**EXERCISE DATA:**
━━━━━━━━
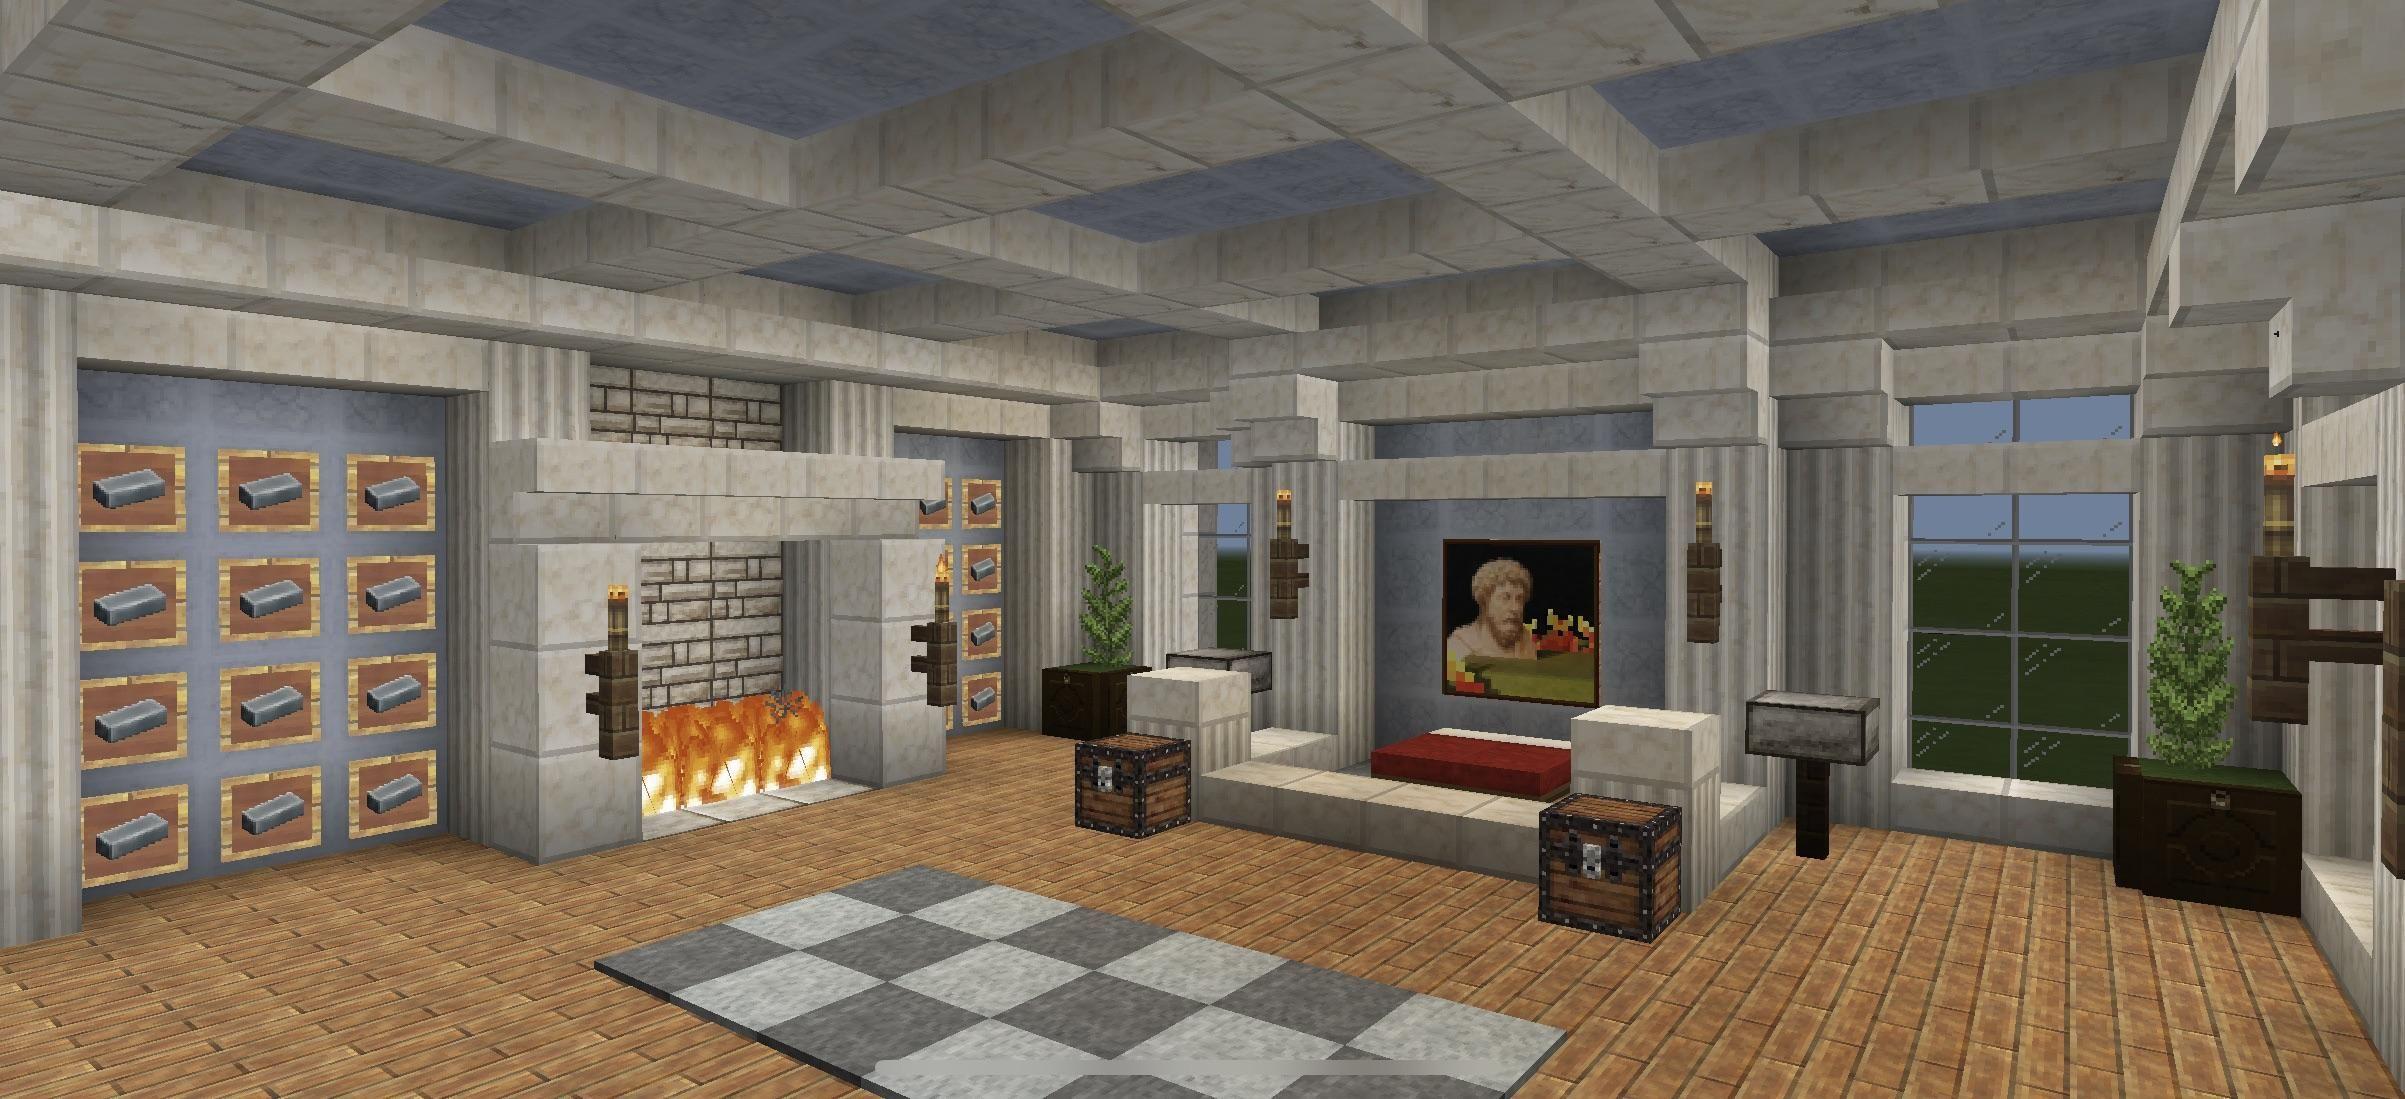 Bedroom Minecraft Minecraft House Designs Minecraft Room Minecraft Bedroom Luxury rooms in minecraft
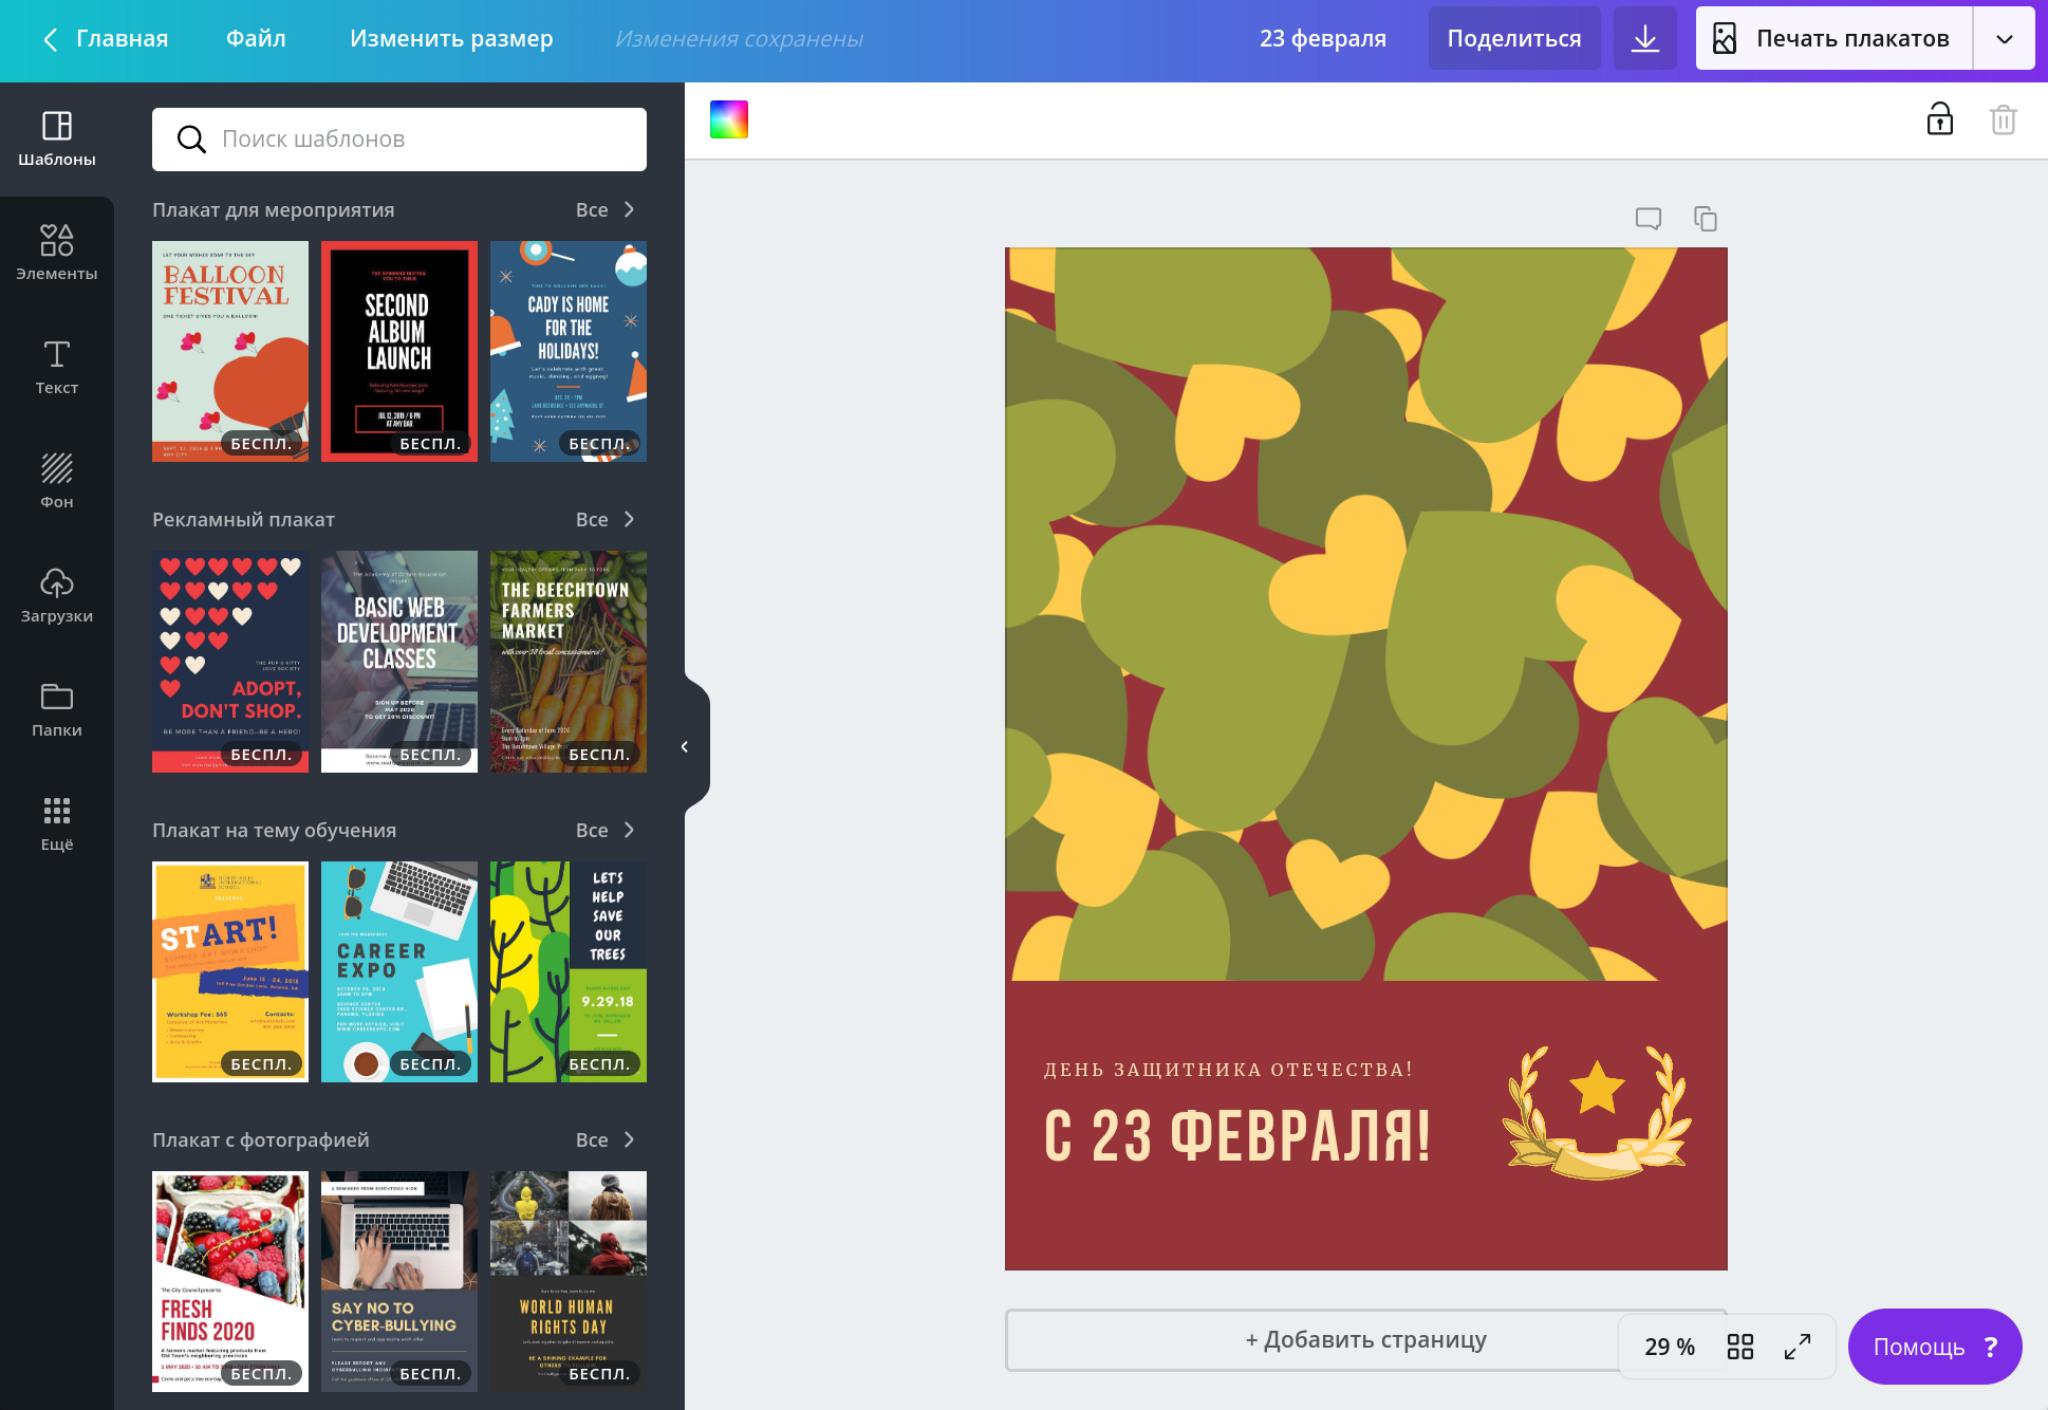 Дизайн плаката на 23 февраля на русском языке
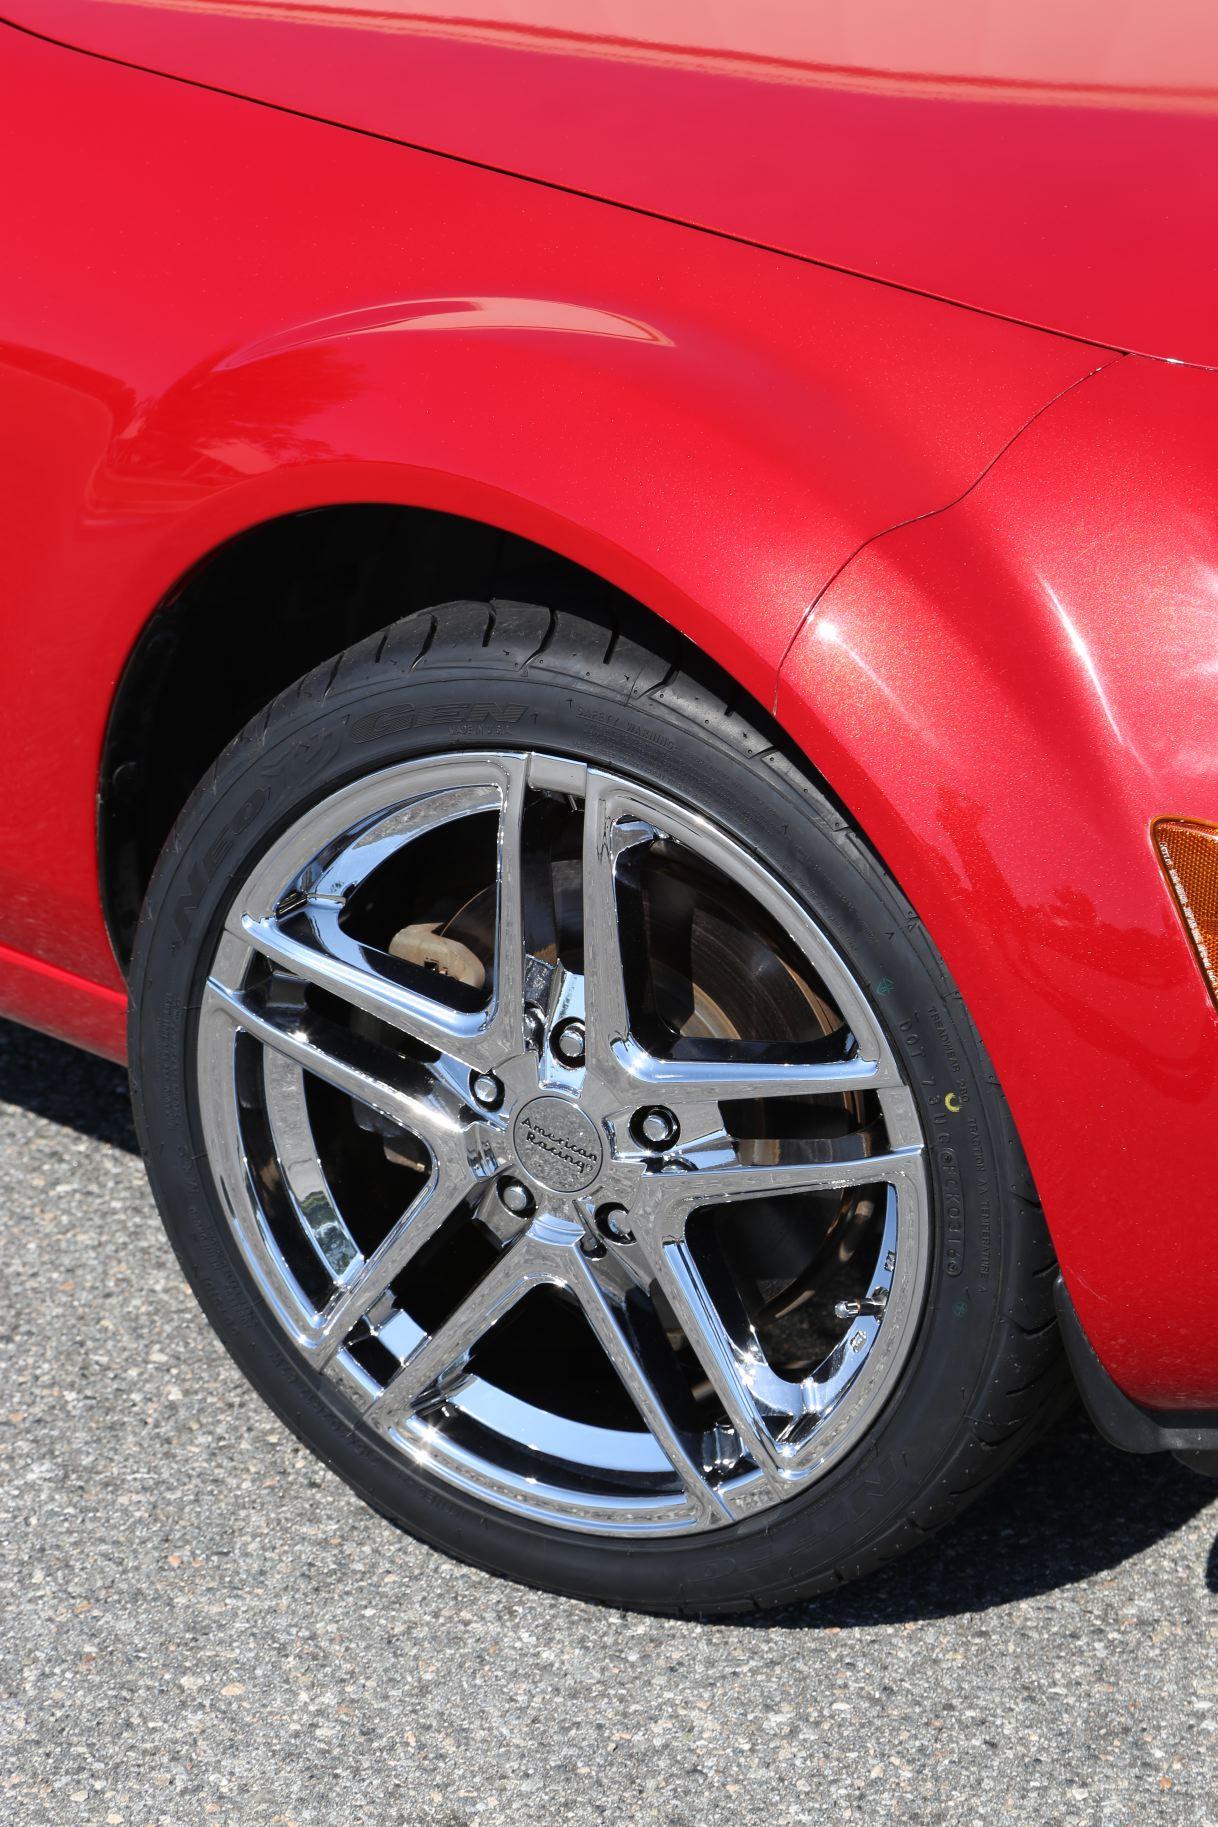 06 Miata With American Racing Wheels Trinity Motorsports
━━━━━━━━
**AIM OF THE EXERCISE:** If a picture falls within the lines from the one containing "Дизайн плаката на" through the end of the material, leave it out while repeating those lines exactly.

**WRITTEN ANSWER:**
 Дизайн плаката на 23 февраля на русском языке
 06 Miata With American Racing Wheels Trinity Motorsports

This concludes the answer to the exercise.